Что же до Олега, то он сошел с небосклона Милы так же неожиданно, как и взошел на него. Он быстро понял, что главное препятствие в их с Милой отношениях – ее сын Мирон, который становился агрессивным и истеричным всякий раз, когда Олег приходил к ним в дом или встречался на улице. «На тебе я бы женился с радостью. Но твой сын всегда будет стоять между нами. А вместе с ним и твой муж. Я не готов к этому», – сказал Олег и ушел из ее жизни. Мила не страдала. Она разучилась страдать. Она научилась считать женские страдания глупостью чистейшей. Ее душа вскоре адаптировалась к новым условиям жизни – со ставшим ненавистным человеком в статусе мужа-квартиранта, с сыном, который вел как натуральный оторвыш, к жизни без любви, без понимания. «Что ж, буду пробиваться сама! Мы еще посмотрим, ху из ху!».


ХХХ


… Оценив в зеркале морщины – свидетельниц этого самого пробивания, Мила тяжело вздохнула. Нет, думать об этом нельзя. Потом. Сейчас у нее в гостях любимый мужчина – Валерий, от одной мысли о котором у нее кружилась голова. «Господи, как же сильно я на него подсела!» – подумала Мила, запуская руку в карман любимого.

Что она хотела там найти? Ничего. Ею просто двигал страх упустить, проглядеть что-нибудь чрезвычайно важное, что может изменить, сломать ее жизнь. Она понимала, что эта болезненная привычка появилась у нее после ситуации с брюками мужа, но ничего поделать не могла. Более того, она ловила себя на том, что заглядывает в карманы не только мужа, сына и любовника – у нее появилось устойчивое желание нырять в столы, в личную электронную переписку сотрудников. Мила хотела знать все о подчиненных. И это ей во многом удавалось. Оправдывала она свои действия тем, что созданный бизнес ей безумно дорог, что она не имеет права по глупости, по отсутствию информации или по несвоевременному реагированию разрушить его. Оправдание казалось Миле столь весомым, ну просто жизненно важным, что она совсем перестала стесняться этой своей особенности. И если бы ее кто-нибудь застал за столь постыдным занятием, она бы выдала такую теорию, что этот кто-нибудь перед ней бы еще извинялся за то, что помешал процессу досмотра своих же личных вещей.

Мила ухмыльнулась и запустила руку сначала в карман рубашки Валерия, затем в брюки. Выудила оттуда стопку документов – паспорт, пропуск в издательский дом, карту проезда на метро, бумажник с двумя сотнями долларов. О, а вот это уже интересно! Мила вытащила из отсека портмоне фотографию. Опаньки! Какая красотка! Ну, просто фотомодель! Жена? Любовница? Дочь?
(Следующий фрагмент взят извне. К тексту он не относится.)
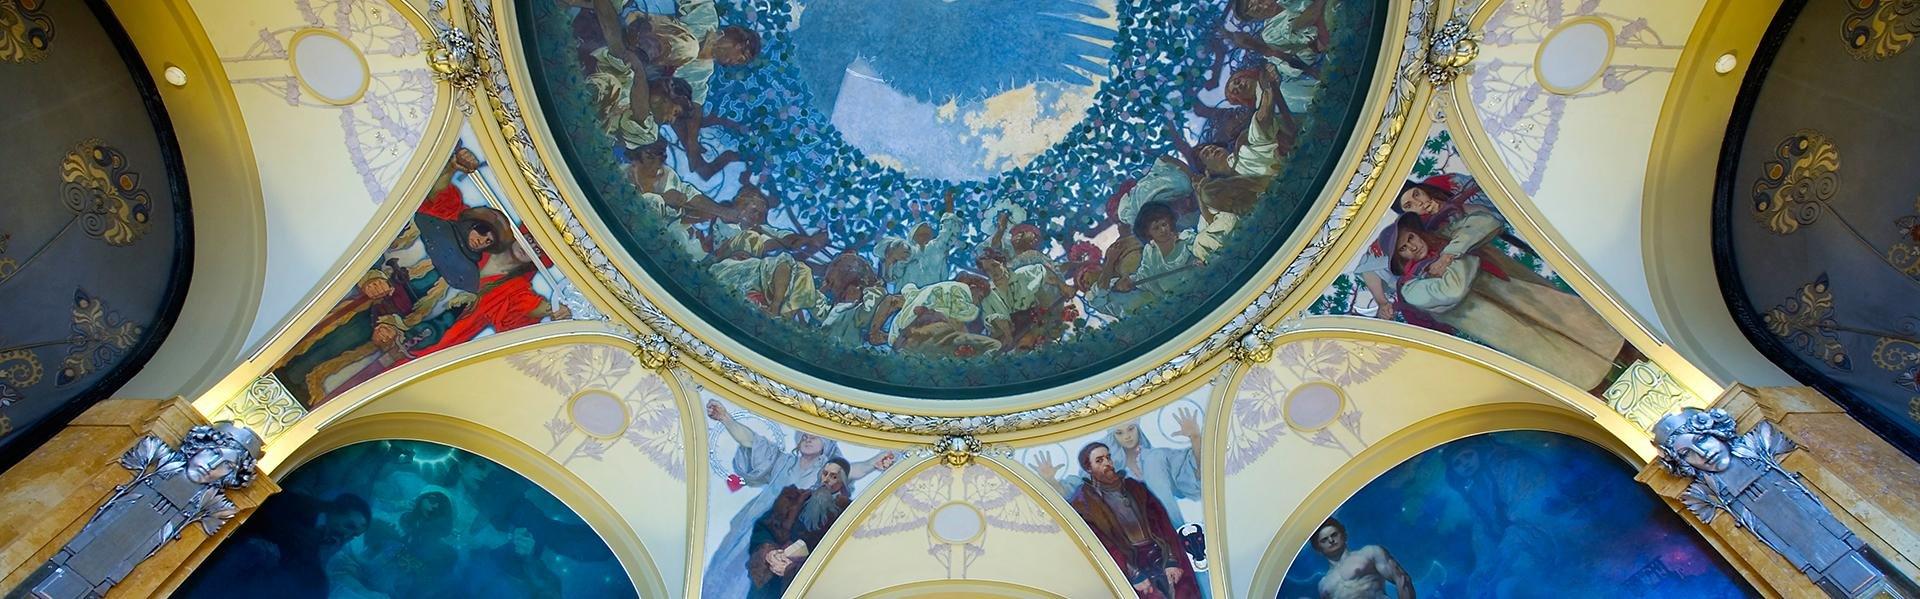 Obecni Dum in Praag, Tsjechië
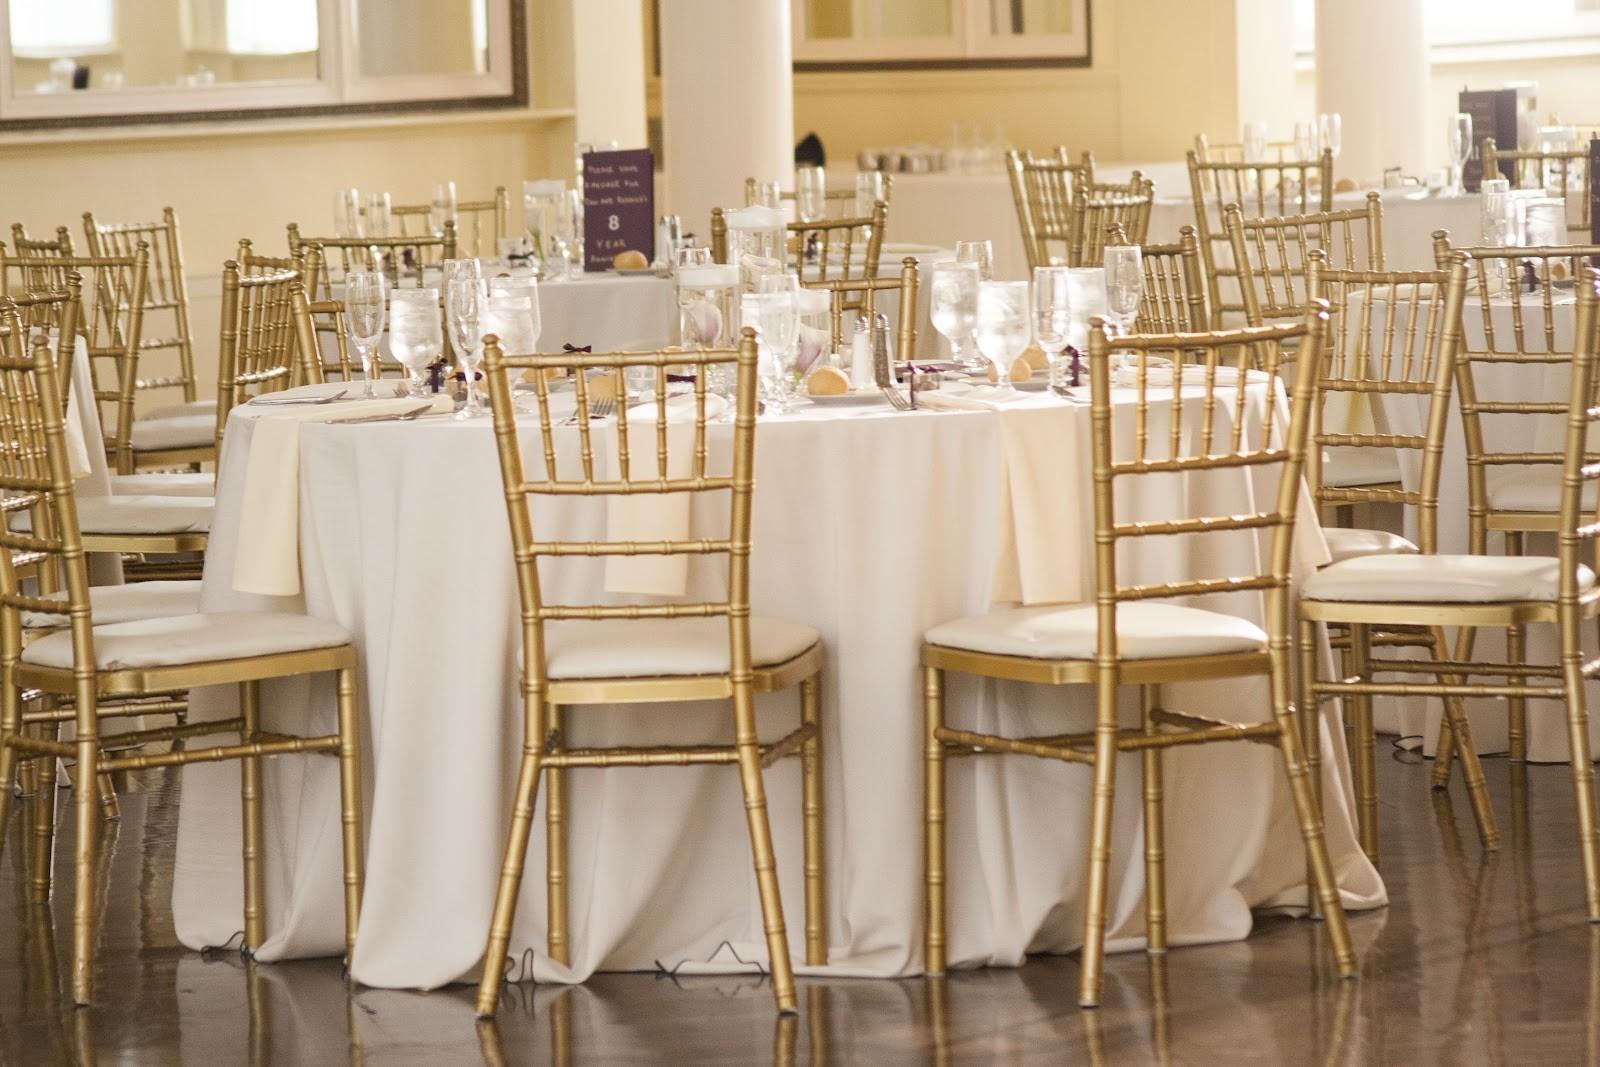 Prezzo basso di buona qualità popolare impilabile da sposa tiffany di legno sedia di chiavari

– Ну, вот, я так и думал! – раздался за спиной голос Валерия. Увлеченная процессом изучения фотографии Мила не услышала, как смолк шум воды в ванной, как скрипнула дверь. Она ощутила дыхание Валерия за спиной и резко развернулась. Глаза заметались, на лице проступили следы гнева – это была единственная спасительная реакция в данный момент: уличить в ревности, чтобы услышать слова утешения. Или, если повезет, любви.

– Я специально прихватил эту фотографию, – не смущаясь и не злясь совершенно, сказал Валерий. – Эту даму зовут Маша, она сделала себе пластическую операцию. Маша – настоящий врач: прежде, чем предлагать пациентам операции, она опробовала их на себе. Думаю, нам не мешало бы написать о ней в нашем журнале.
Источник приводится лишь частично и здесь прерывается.